Cosco has suspended its liner services to Panama’s Balboa port, in what is believed to be retaliation for the Panamanian government’s revocation of  Hong Kong-based CK Hutchison’s port concession.

The Loadstar was shown a Spanish-language advisory circulated to forwarders, by Cosco Shipping’s Panama office, confirming that with effect from Tuesday, the Chinese liner operator would be pausing sailings to Balboa.

The advisory added: “All confirmed bookings will be cancelled. Please contact your salesperson for available options. Empty containers are to be returned to the port of Manzanillo or Colon Container Terminal; no empty containers will be received in Balboa.”

Meanwhile, Chinese forwarders are offering customers several solutions.

One said: “For shipping to Balboa, or transhipping via Balboa to Colon Free Trade Zone or Panama City, cargo can be diverted to MIT Terminal in Manzanillo, Panama, for loading or transhipment. For transhipment via Balboa to Central America, containers can detour to Lazaro for transhipment.

“These are viable options for shippers that have confirmed bookings, but have yet to load their cargo. Containers already under way to Balboa should await further instructions from us.”

MIT and Colon Container Terminal, on the Atlantic side of the Panama Canal, are operated by US-based SSA Marine and Taiwanese line Evergreen, respectively.

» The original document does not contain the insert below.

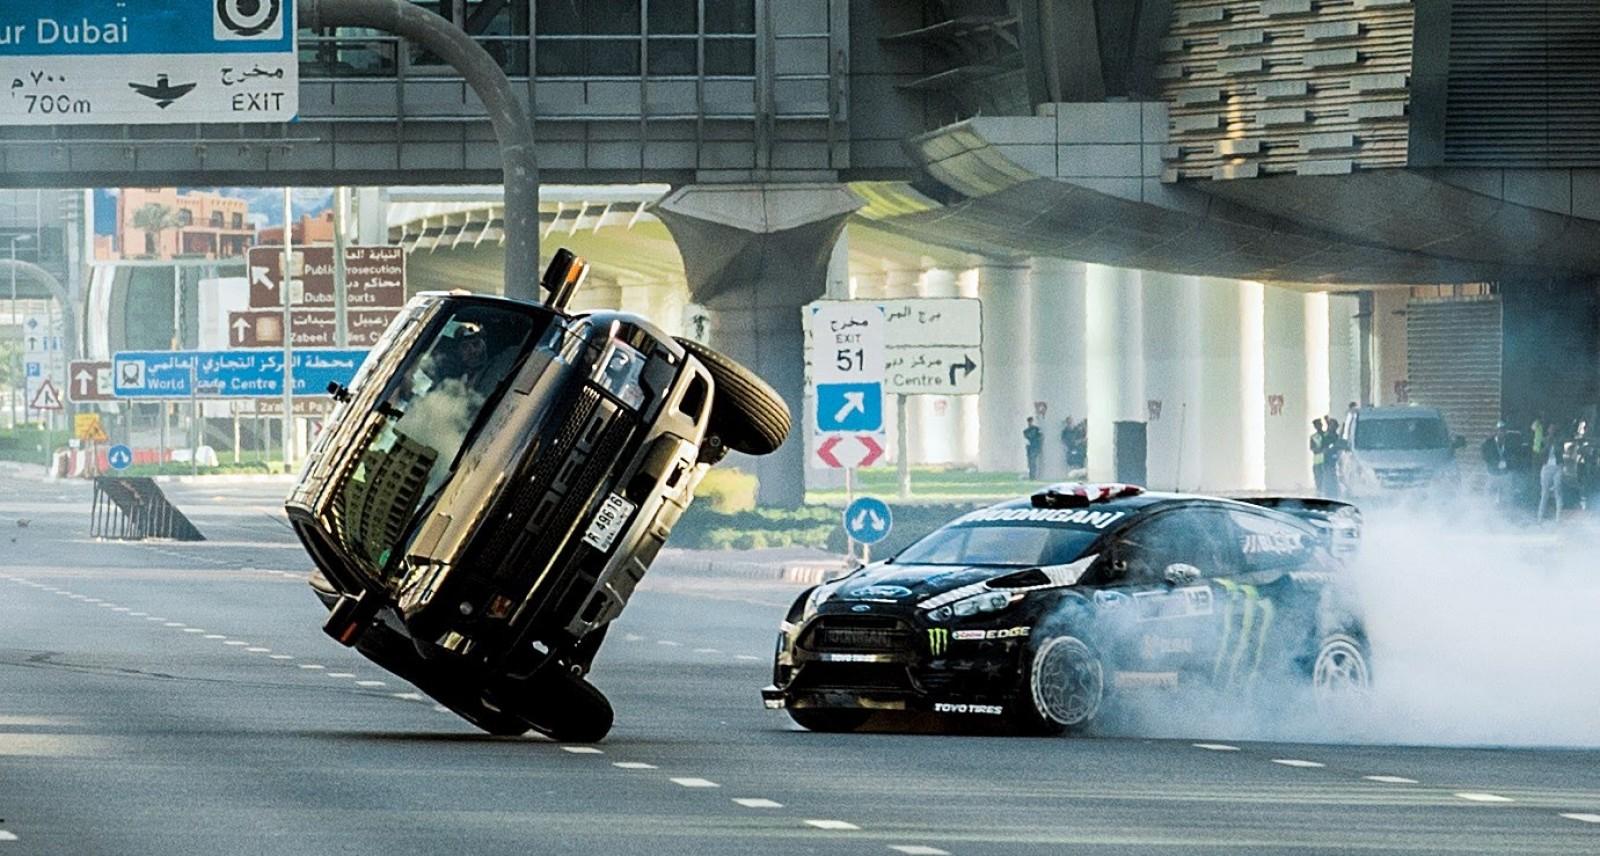 Motorcycle And Car Drift Wallpaper Watch Ken Block Drift Through Dubai Like A Madman In His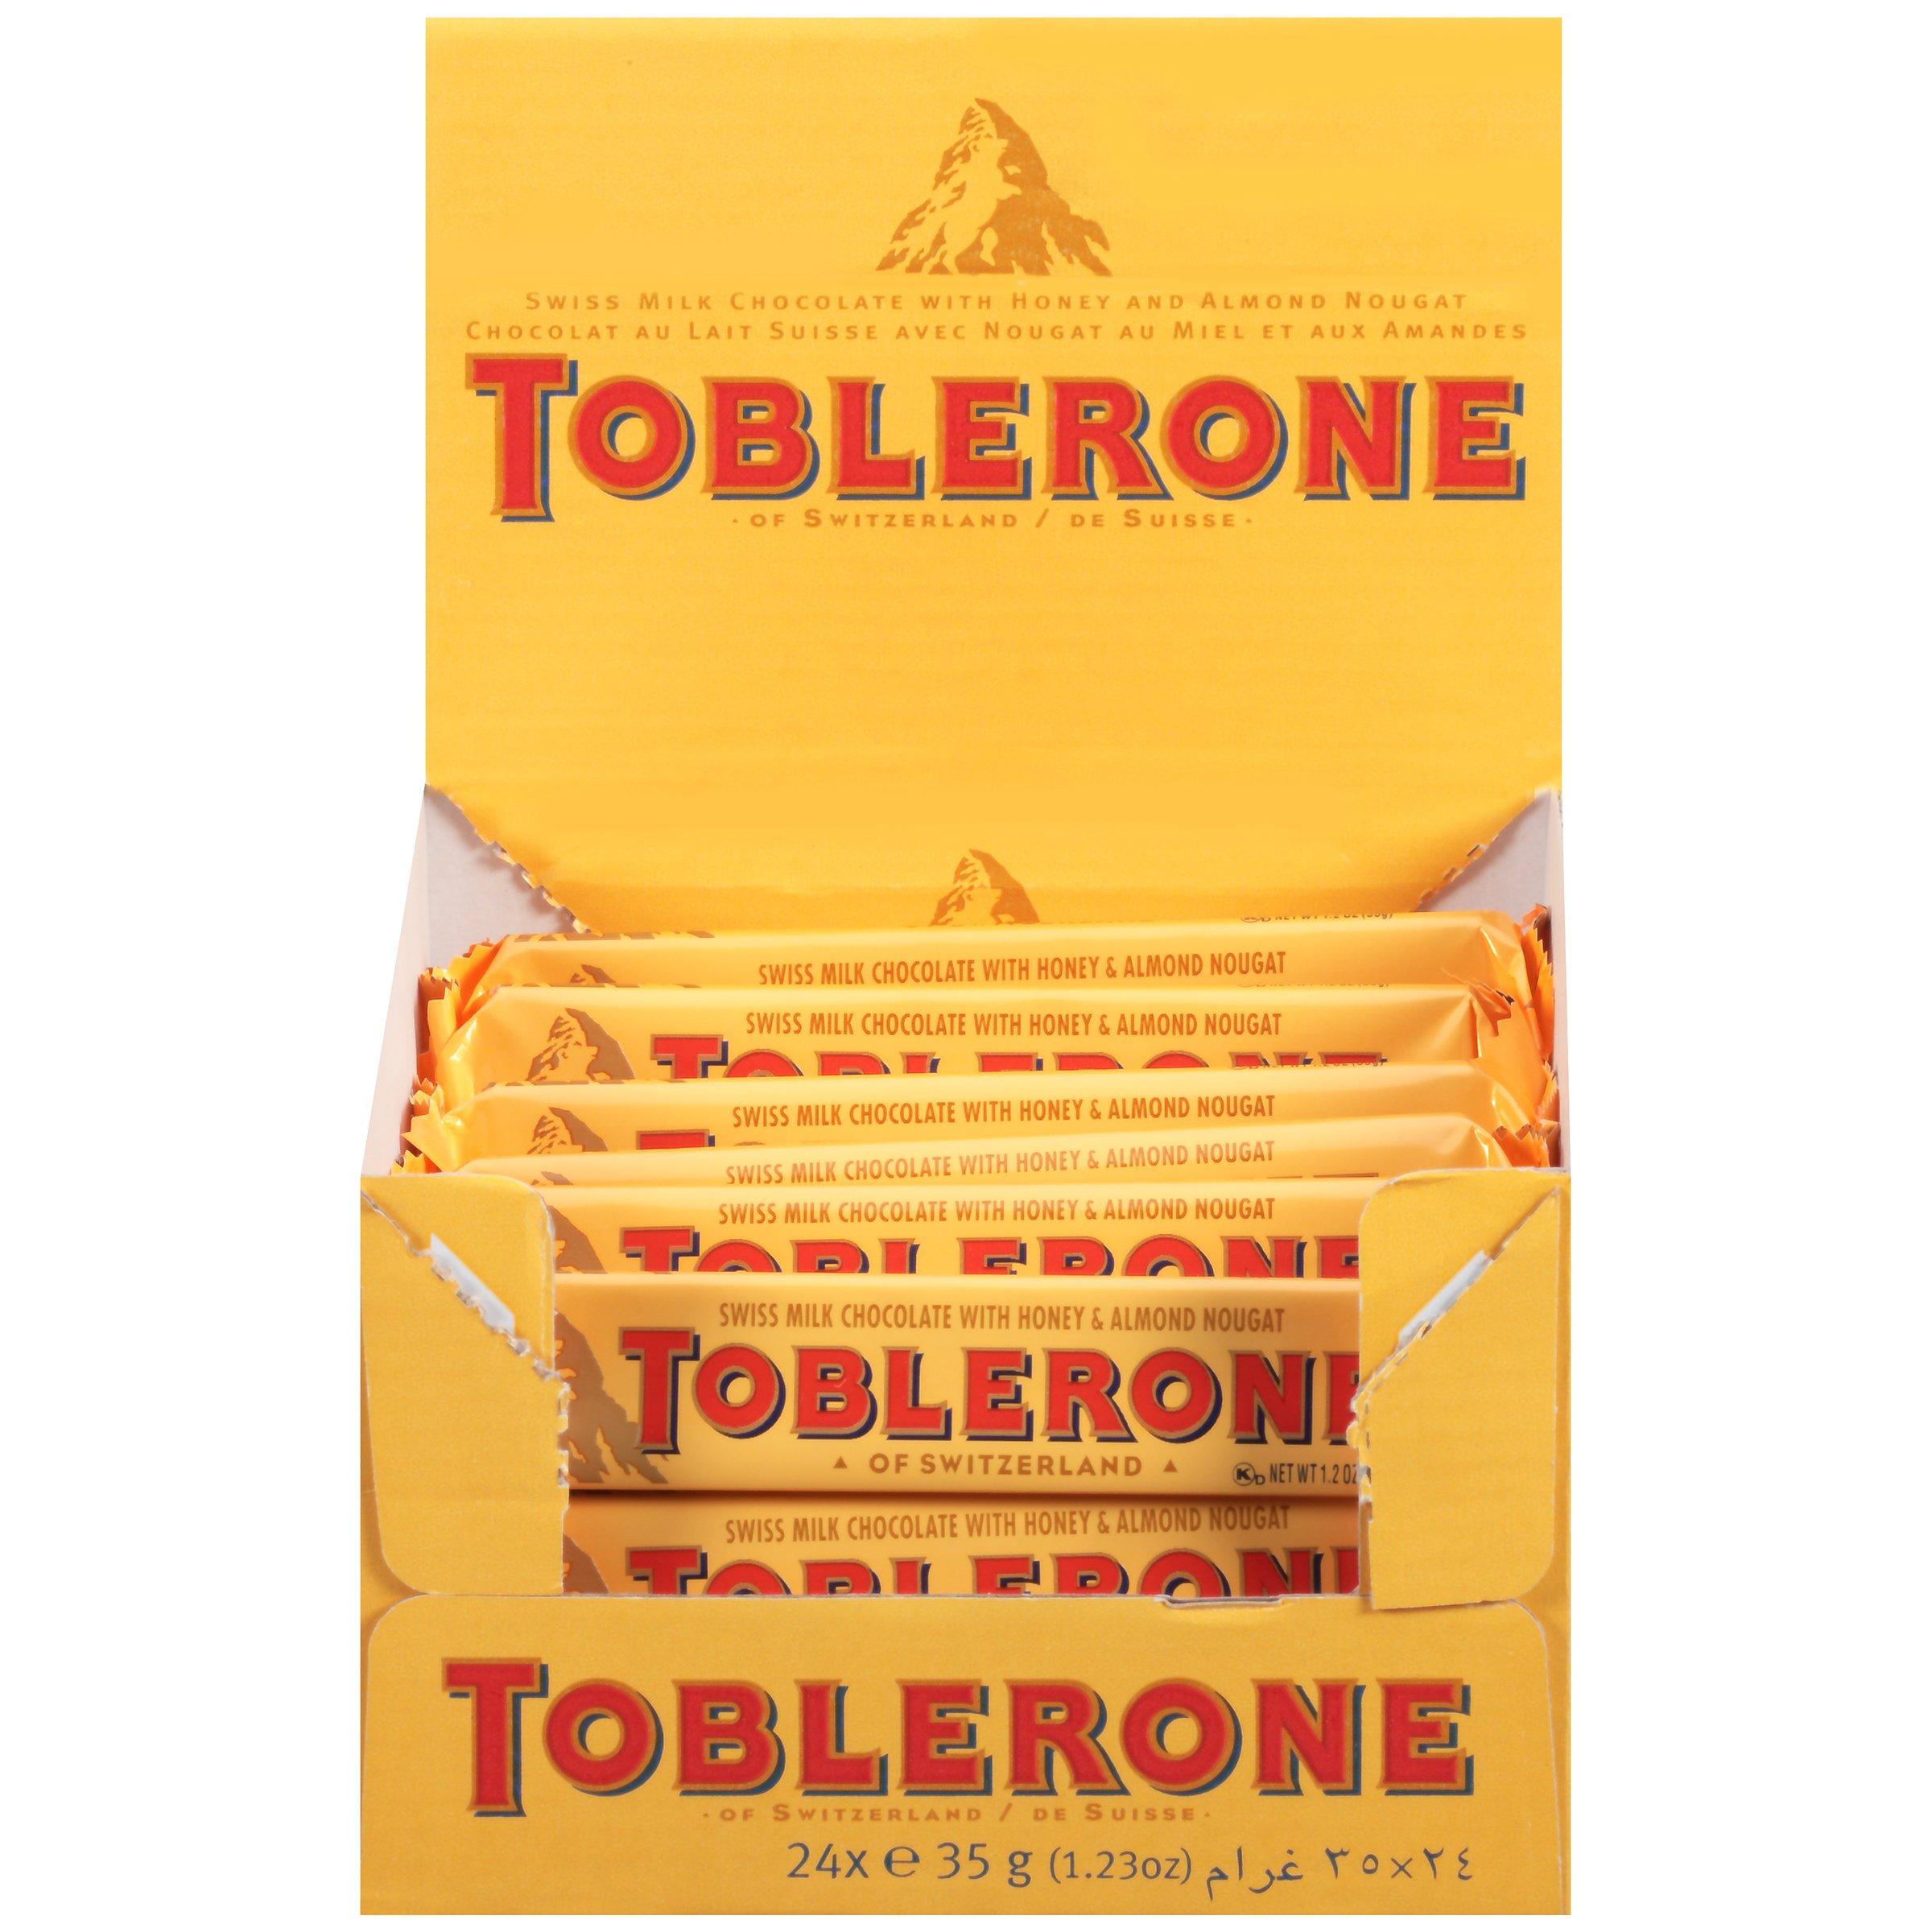 Toblerone Swiss Milk Chocolate with Honey & Almond Nougat, Easter Chocolate, 24 - 1.23 oz Bars

Following a ruling from Panama’s Supreme Court in January, the government annulled the concessions CK Hutchison subsidiary Panama Ports Co (PPC) held over Balboa and Cristobal container terminals, at on opposite ends of the canal. The court ruled PPC’s concessions unconstitutional and that there was about $1.3bn inunpaid profit-sharing revenue dating back to 1997, when PPC was granted the concessions.

The ruling occurred amid pressure from US president Donald Trump, who claimed early in 2025 that China was controlling the Panama Canal.

In March last year, CK Hutchison agreed to sell most of its international ports business – 43 terminals in 23 countries – in a deal worth about $23bn to a consortium headed by US private equity group BlackRock and TIL. However, while favoured by the US, the sale ran into opposition from the Chinese government.

In February, temporary management of Balboa and Cristobal terminals was handed to APM Terminals and MSC’s terminal operating arm, TIL, respectively.

PPC has filed a claim under the International Chamber of Commerce seeking $2bn in compensation for what it sees as the unlawful seizure of its port operations.